In stunning blow, BJP loses UP LS seats vacated by Yogi, deputy CM – Press24 News
The twin victories will encourage SP and BSP to try the “winning formula” in the 2019 polls, an estimate reinforced by SP chief Akhilesh Yadav’s “thanksgiving visit” to Mayawati, the BSP boss who has bounced back as a factor, defying the obituaries which were penned after she drew a blank in LS polls and finished a miserable third in assembly elections.
The loss of Gorakhpur, the first since 1989, was a personal embarrassment for UP chief minister Yogi Adityanath who had scored five straight victories since 1998 from the seat, which derives its name from the Gorakhnath Math headed by him. Adityanath vacated his seat after his appointment as CM, causing the byelection, and the rebuff will serve to chasten those who had proclaimed him the second saffron icon after PM Narendra Modi.
Keshav Maurya, deputy CM and the party’s prominent OBC face, had quit Phulpur seat after landing the number two job.
SP’s wins in Gorakhpur and Phulpur were facilitated by its understanding with BSP, signifying the threat that the BJP might face should Akhilesh and Mayawati, with their committed following among Yadavs and other sections of OBCs and Dalits, decide to go into the 2019 polls as a front. The two parties had teamed up successfully in 1993 to thwart BJP at a time when the ‘Mandir’ factor had not waned.
Their staunch constituencies assure them of the support of Muslims who overwhelmingly vote for the formation best positioned to defeat BJP. The saffron party’s landslides in UP — in 2014 when it won 71 seats (73 if two won by its ally Apna Dal are taken into account) out of 80 Lok Sabha seats and, again, in last year’s assembly elections — were helped by a division in the opposition ranks and, to a lesser extent, the split in Muslim votes.
In Gorakhpur, Congress’s Muslim candidate Sureetha Kareem won a meagre 2% votes, while community heavyweight Atiq Ahmad, who was in the Phulpur fray as an independent, could not take his vote share beyond 6.5%.
While the pooling of SP and BSP votes and, perhaps, higher-than-normal consolidation of Muslims played a decisive role, BJP’s own vote share in the two seats slid sharply from 2014, something which should worry BJP chief Amit Shah, who needs to retain the Hindi heartland. It’ll put pressure on the Centre and UP government to bridge the gap between promise and performance through faster delivery.
The defeats followed reverses in byelections in Alwar, Ajmer, Ratlam and Gurudaspur, and has brought BJP’s Lok Sabha tally down to 275.
In neighbouring Bihar, besides Araria, Lalu Prasad’s RJD easily retained Jehanabad assembly seat while BJP kept Bhabhua.
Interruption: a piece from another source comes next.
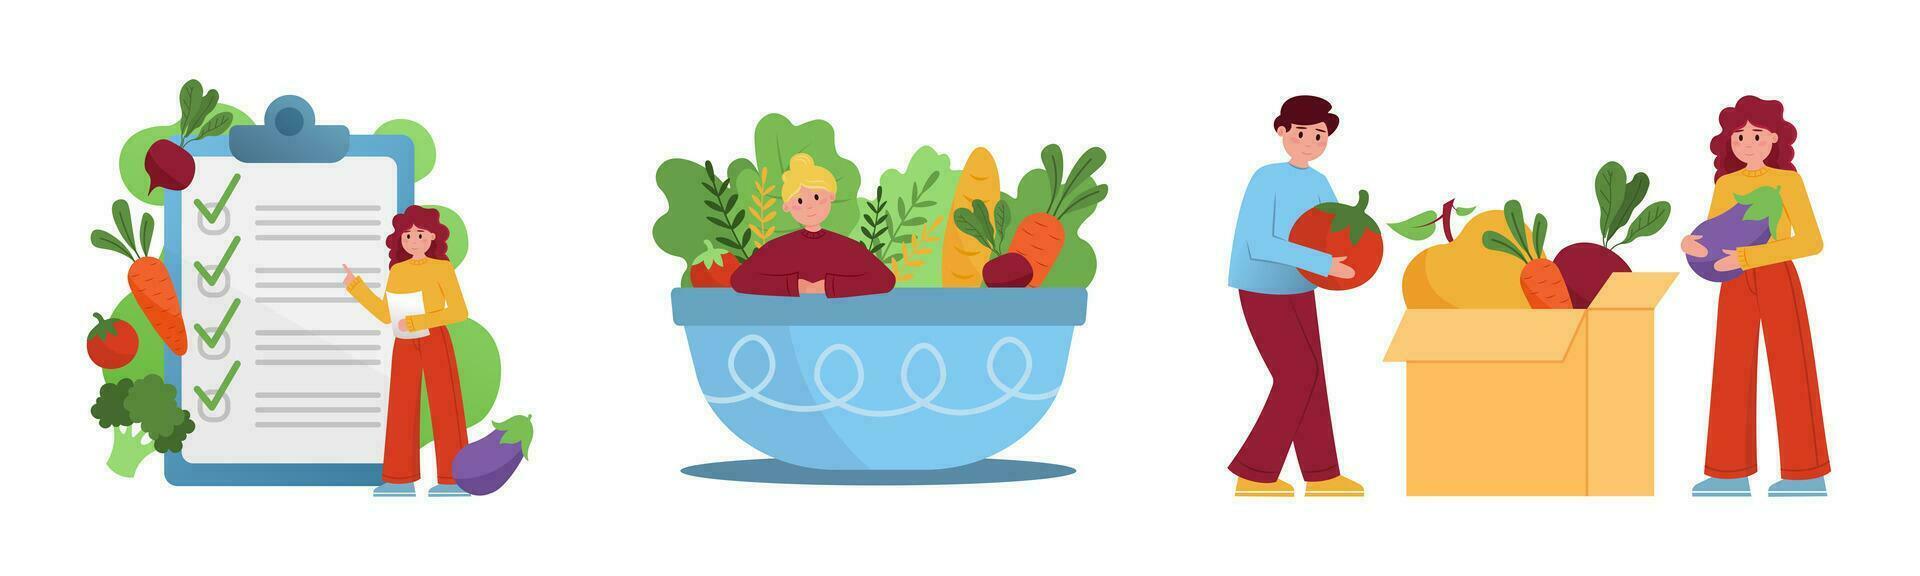 Set of cartoon characters of young people eating healthy food vector

The three bypolls were caused by the deaths of sitting members and the results could be ascribed to the “sympathy factor”. But they also brought out the resilience of the Muslim-Yadav combination in the face of the revived BJP-JD(U) alliance which, in social terms, represents a combination of upper castes and sections of OBCs.
The results may not be evidence that Lalu Prasad’s appeal stretches beyond the trusted constituencies of Yadavs and Muslims, but they do show that the jailed RJD boss still has a base to build upon by striking alliances with Congress and others like Mahadalit leader Jitan Ram Manjhi or, possibly, BJP ally Upendra Kushwaha. It certainly restricts the elbow room for Nitish Kumar’s government to persist with whimsical decisions like a drastic prohibition policy or a third Rajya Sabha term for a gentleman who does not speak after having been sworn in.
The byelections further amplified the irrelevance of Congress in large swathes, with the party losing its deposits in both Gorakhpur and Phulpur. The results could also create complications for its claim that it is the only “natural” claimant for leadership of an “anti-BJP front” and force it to wrestle with a resurgent SP and BSP. To that extent, the pressure to keep Karnataka has increased.
BJP will certainly try to regain the momentum by winning Karnataka in order to retain its ‘favourite for 2019’ billing. The byelection results on Wednesday were certainly shaped by local factors — from the Brahmin-Rajput rivalry in Gorakhpur to sympathy factor in Bihar — but they added up to a larger message: BJP may still be the frontrunner but it is not unbeatable.
It must be reassured by former PM H D Deve Gowda’s refusal to align with the ruling Congress in the Karnataka polls, holding up the prospect of a split in anti-BJP votes.